Per the design team's directives, no story points were earned for topics; that is, no one topic was considered more important than another. Instead, the score-per-broadcast was calculated to reward stations for topic diversity, taking into account both the number of stories presented, and allowing for the additional minutes often added in post-prime timeslots or for the occasional broadcast where taping error occurred. For each news broadcast, a story:topic ratio was calculated by dividing the number of stories by the number of topics. The story:topic ratio was then converted to a broadcast multiplier. Broadcast scores-per-story were totaled, then divided by the number of stories, to reach an average score-per-story. The appropriate multiplier was then applied to the average score-per-story to reach the daily broadcast score. Finally, each station's 10 daily broadcast scores were totaled to reach the aggregate station score.

Intercoder Reliability

Intercoder reliability measures the extent to which two coders, operating individually, reach the same coding decisions. For this project, the principal coding team was comprised of 5 individuals, who were trained as a group, augmented by 2 precoders. One coder was designated as the control coder, and worked off-site for the duration of the project. At the completion of the general coding process, the on-site coders, working alone and without access to the control coder's work, recoded 33% of the broadcasts completed by the control coder. Daily scores were found to be reliable within +/- 0.74 points per day, as per the comparative daily broadcast scores of general coders vs. the control coder.

Ratings Analysis

The data collected, analyzed, and presented in this study are drawn from the Nielsen National Station Index (NSI) produced by Nielsen Media Research. The NSI measures television viewership for all U.S. television markets quarterly. The quarterly measurement periods are known as "Sweeps Months," and include February, May, July and November. The data presented in this report are based on Nielsen estimates of the weekday average ratings for each of 12 sweeps periods ranging from May, 1998 to February, 2001 for 43 local news telecasts in 14 Designated Market Areas (DMAs).

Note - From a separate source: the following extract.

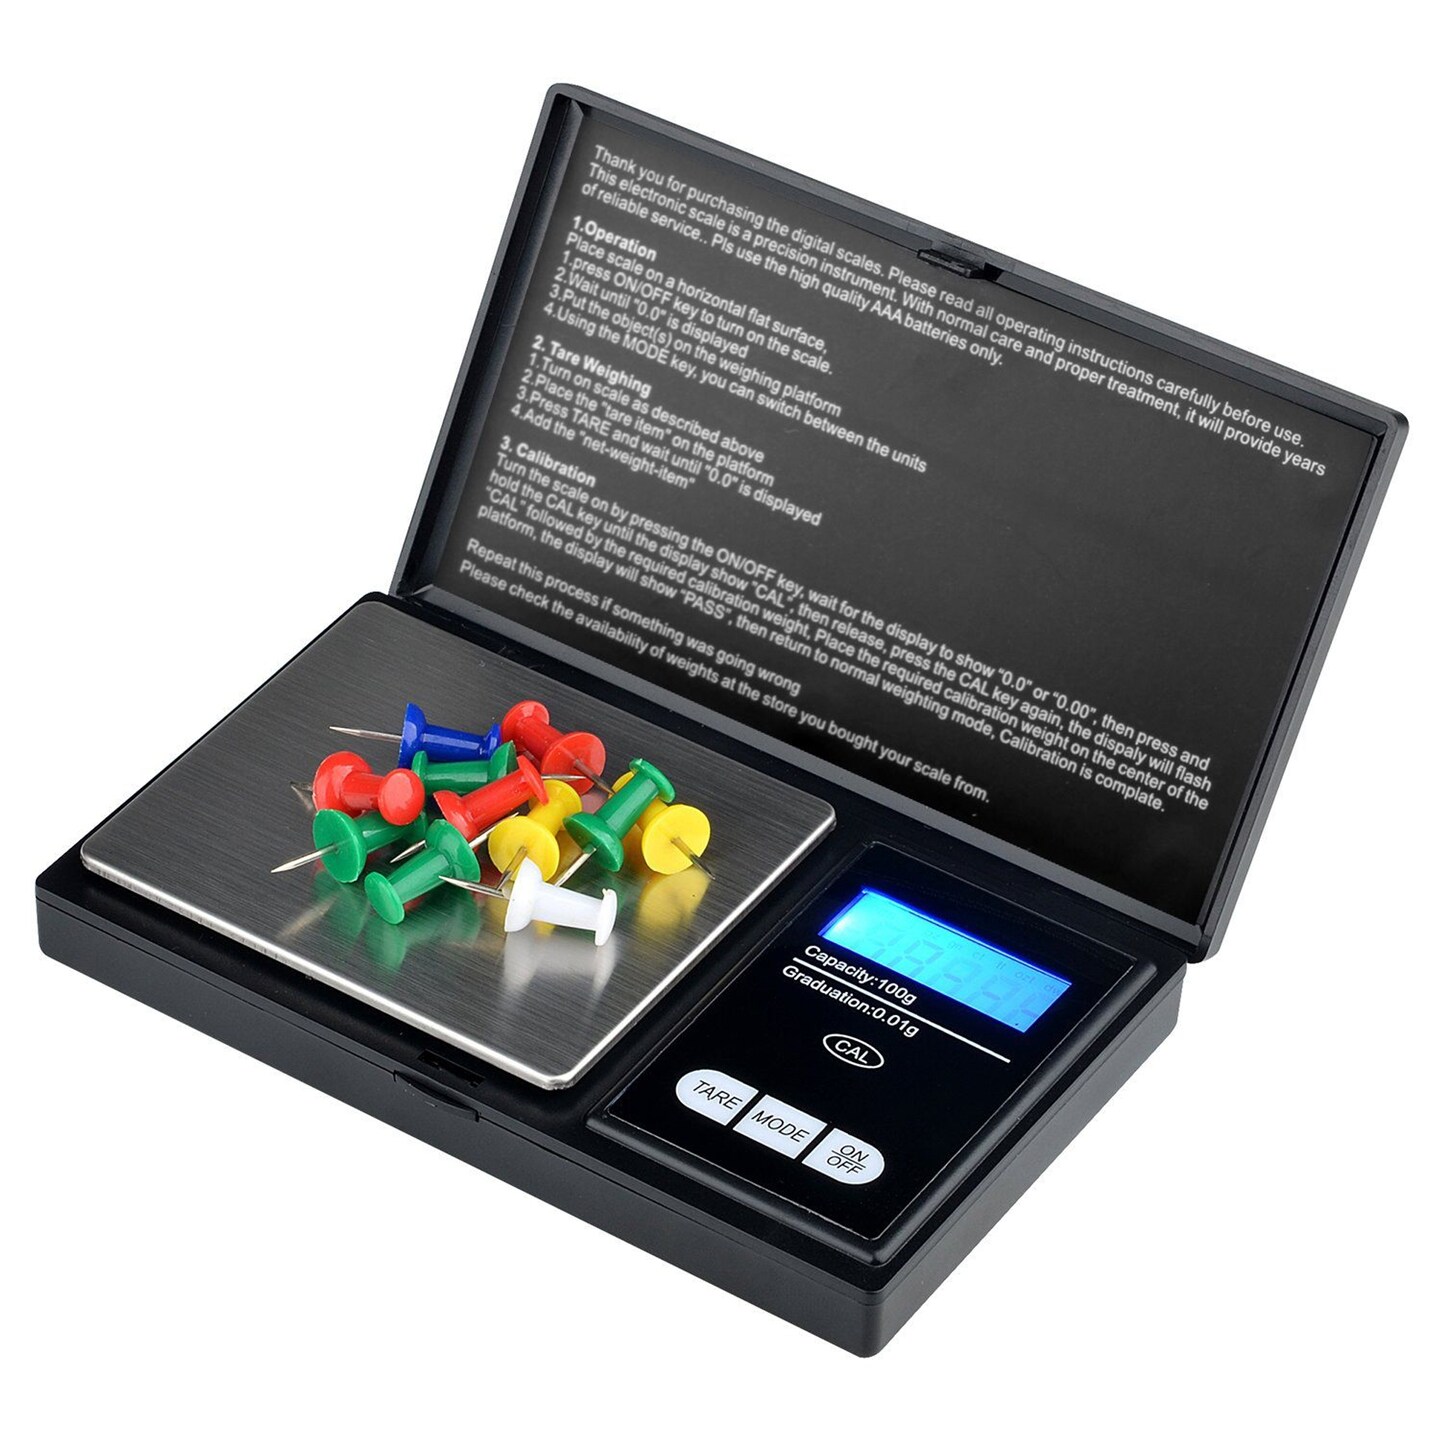 Electronic Digital Pocket Scale 0.01g Precision Mini Jewelry

Ratings were collected for the following demographics: All TV Households, Women 18-49, Women 25-54, Men 18-49 and Men 25-54. Share data was also collected for all TV Households. As a supplement to the 43 stations in the main study, an additional sample of 113 stations from various markets were analyzed separately according to the same procedure employed for the main study. The procedure is as follows:

Ordinary least-squares regression was used to determine the slope (ratings or share trend over the three-year period for each demographic category) for each newscast, with time as the independent variable and rating or share as the dependent variable. From the distribution of slopes, a five-point coding scheme was used to assign a trend value for each newscast. The five-point scheme is curved, and is based on the mean and standard deviation of the sample. For each telecast, ratings data were obtained for the 1/2 hour period prior to each newscast. These data were used to determine the trend in lead-in retention for each newscast.

Lead-in retention is defined as the percentage of the rating value attained by the newscast as compared to the lead-in period. For example, if a newscast received a household rating of 8 while the lead-in half hour received a rating of 10, this would be calculated as 80% retention. Ordinary least-squares regression was used to determine the slope (percent retention trend over the three-year period) for each newscast, with time as the independent variable and lead-in retention (percentage) as the dependent variable. This type of analysis is a fairer way of assessing lead-in retention than an a simple average as it is not influenced by the potential magnitude in ratings difference between the lead-in program and the newscast. From the distribution of slopes, a five-point coding scheme was employed in a method similar to those for the ratings trends. Comparisons of trend rankings were then made by demographics, lead-in to target newscast, and a differential of share-rating trend.